Our busy lives, our much-loved comforts, seem to invite amnesia or indifference or denial about the fact that women everywhere are in the fight of their lives, as we always have been.
The biggest battles – for control of our bodies and freedom from sexual violence – are a long way from won. And so we come to the impact of a network to advance women’s power.
I often ponder the transformations occurring among the members of Baraka Women’s Center. When I speak with them or read their stories, their rising hope is palpable. They’ve found a place with the tools that make shiny possibilities come within their grasp.

The guidance offered in the Entrepreneur and Leadership Program is one of the most significant contributions, helping women find their core of self-worth – lost or never found in the fray of surviving extreme poverty.
Reminding a woman that she has intrinsic value is a subtle and continuous process.

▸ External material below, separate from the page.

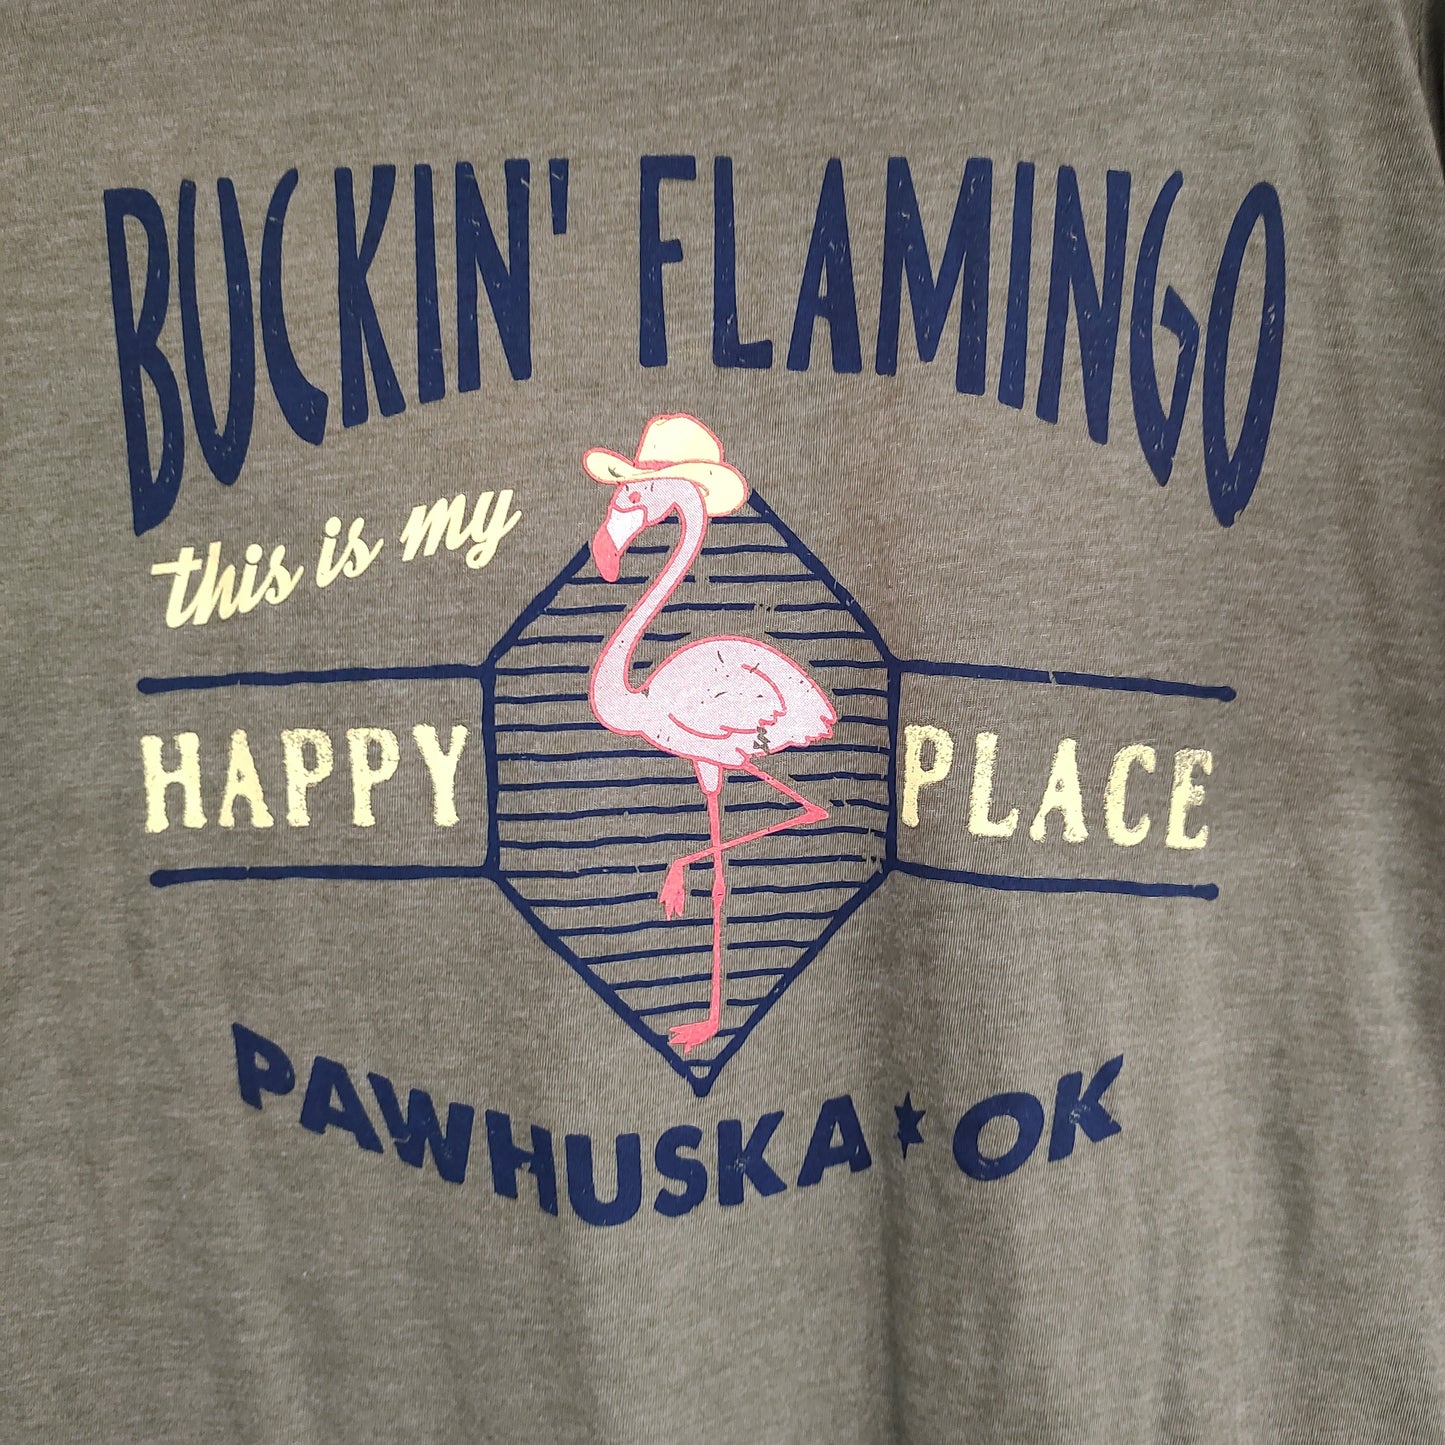 Buckin' Flamingo This is my Happy Place Shirt
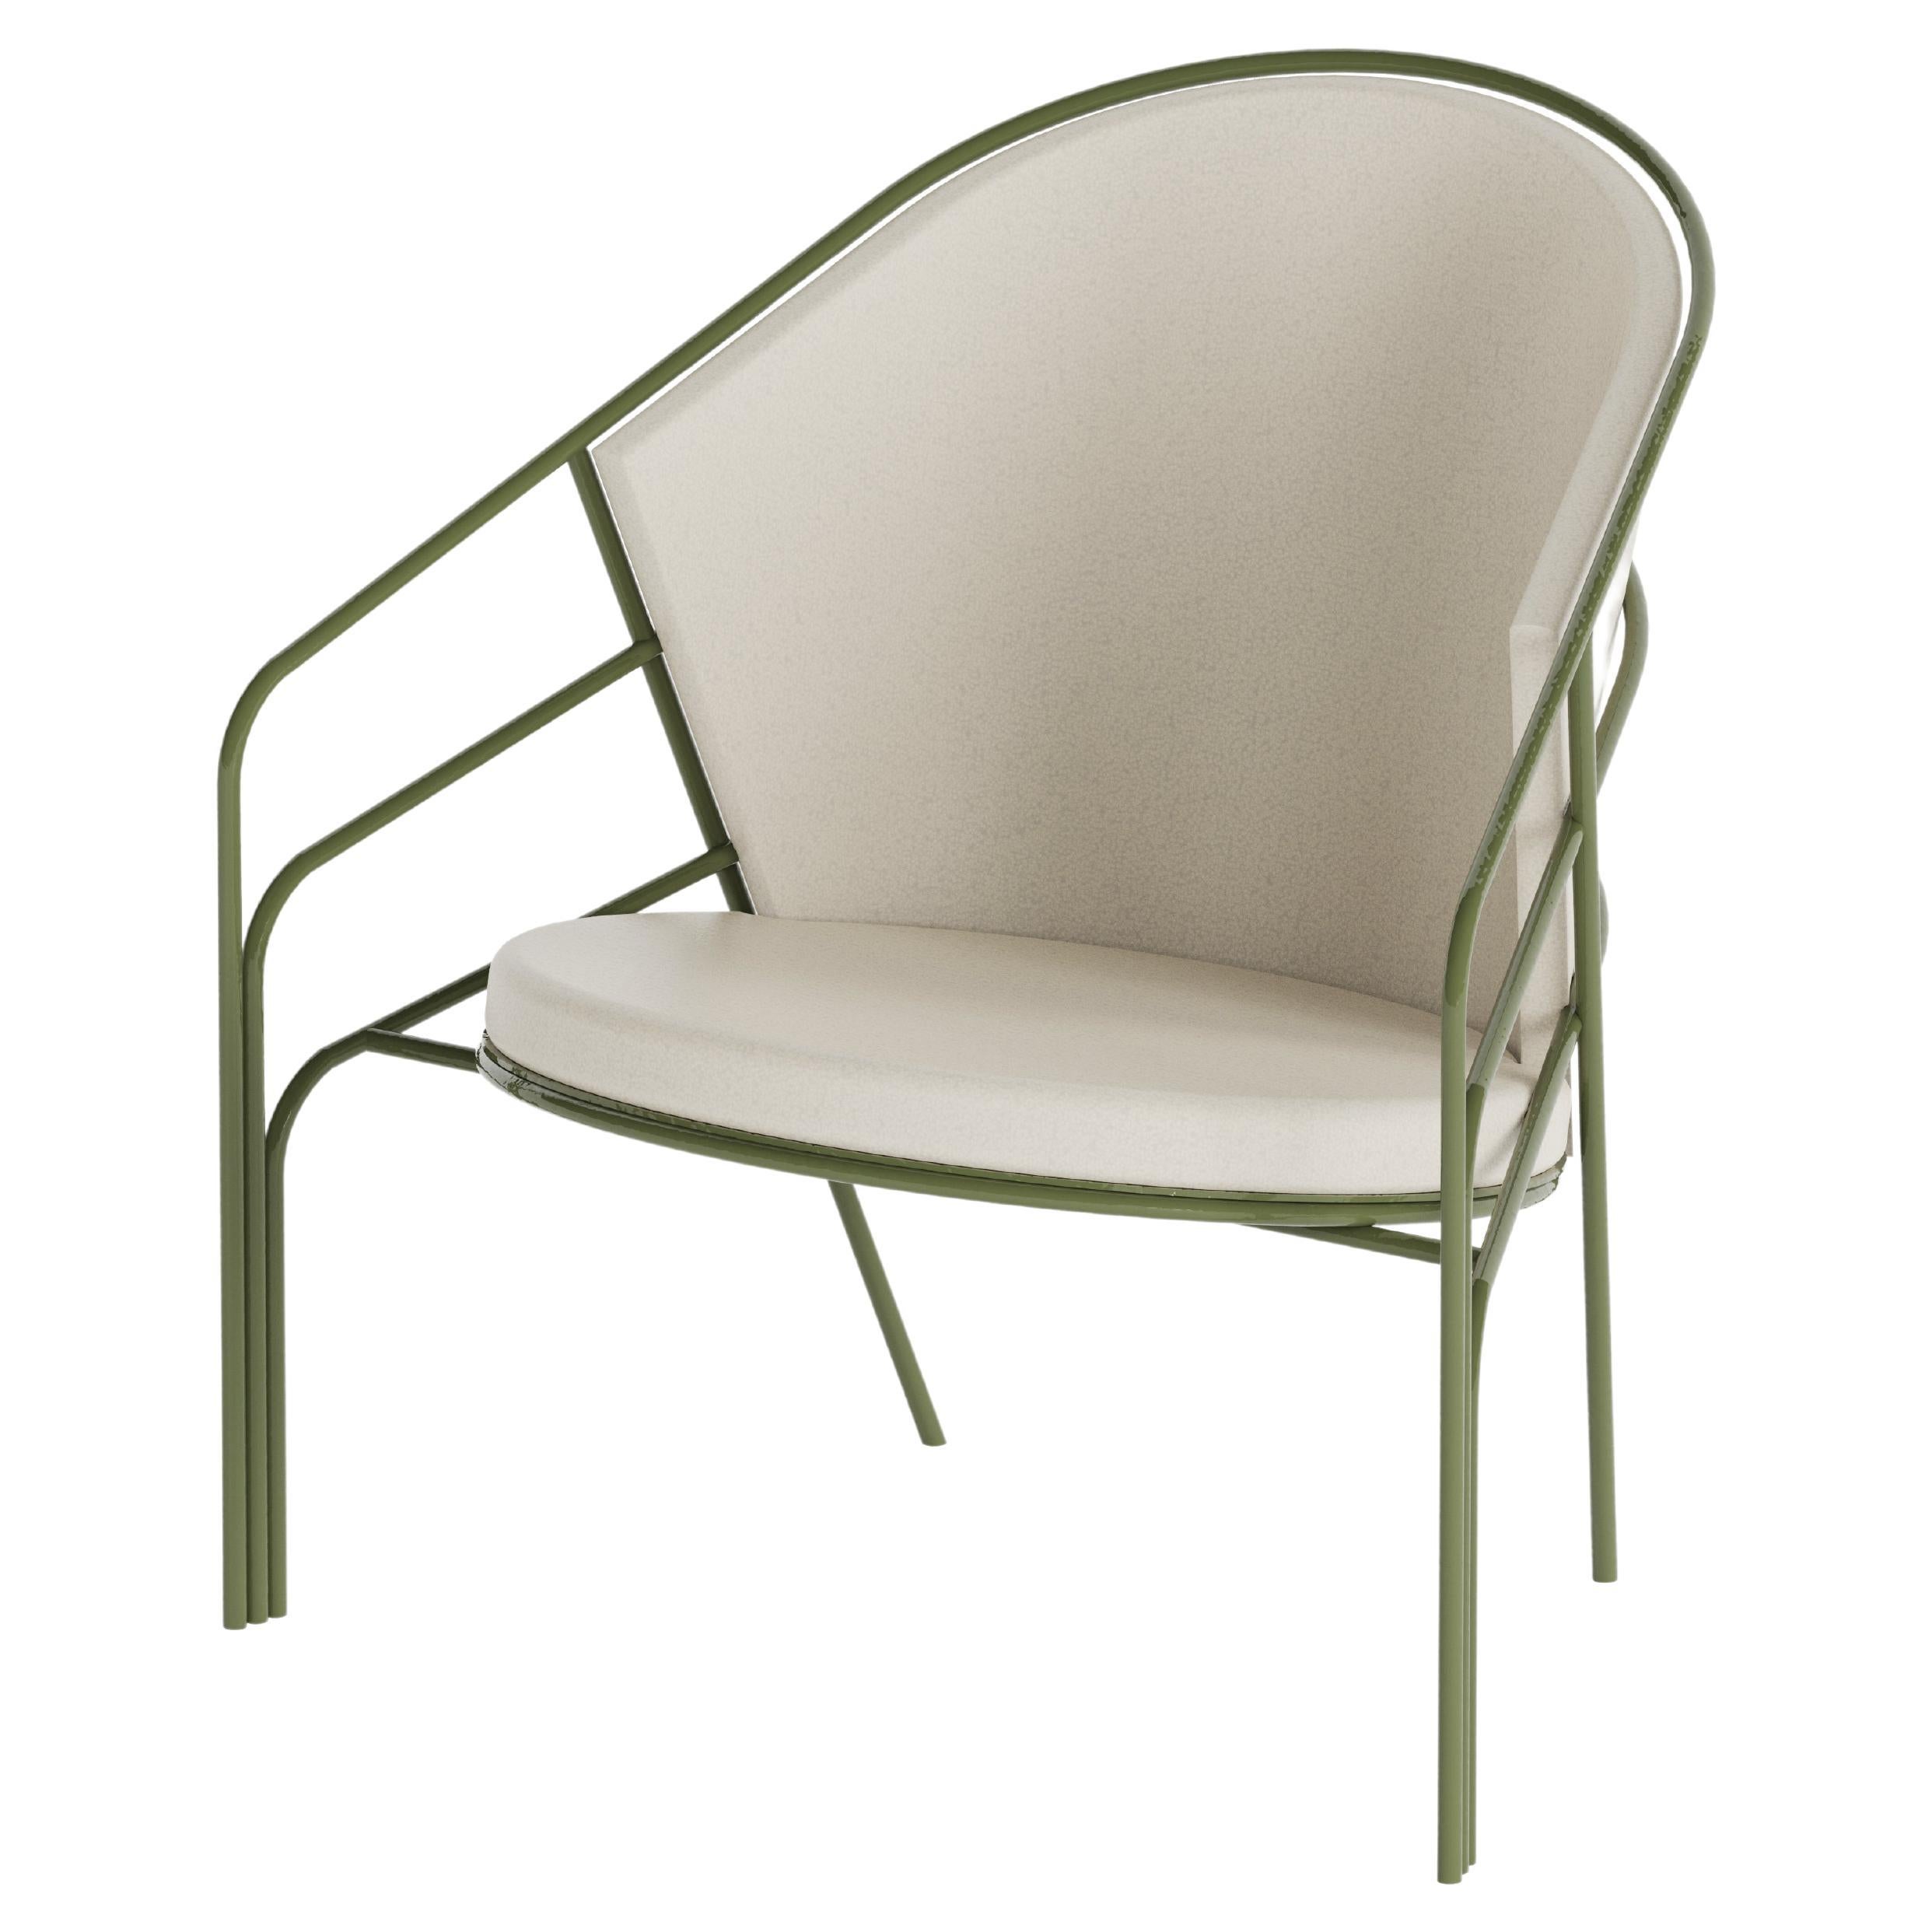 DeMille Outdoor Lounge Chair in Sage Powder-Coat with Cream Cushions For Sale

Little things add up: a warm welcome to a place where women gather, a clear message that ‘you belong’, and spontaneous connections with other women working to reshape their lives.
That’s what a Women’s Center does best.
Women’s Centers International now is supporting eight Women’s Centers: six in African, one in the Middle East, and one in California USA. We ‘call in’ those with not far to fall: women excluded from society’s wealth, women who grew up in poverty or were downed by a twist of violence, who subsist on starchy foods, wear second-hand clothes, and love their kids so much they have to scramble too damn hard to keep them fed and clothed and educated. That’s where the revolution rises on cat’s feet.
There’s nothing noble in brutal alchemy of poverty. There is, however, great power in poverty-honed instincts for survival. Those who possess them belong in the ’situation room’ as women resuscitate and reshape a kinder world. Yeah, we get clean up duty. But we’re the ones with the best and fiercest instinct to make life better.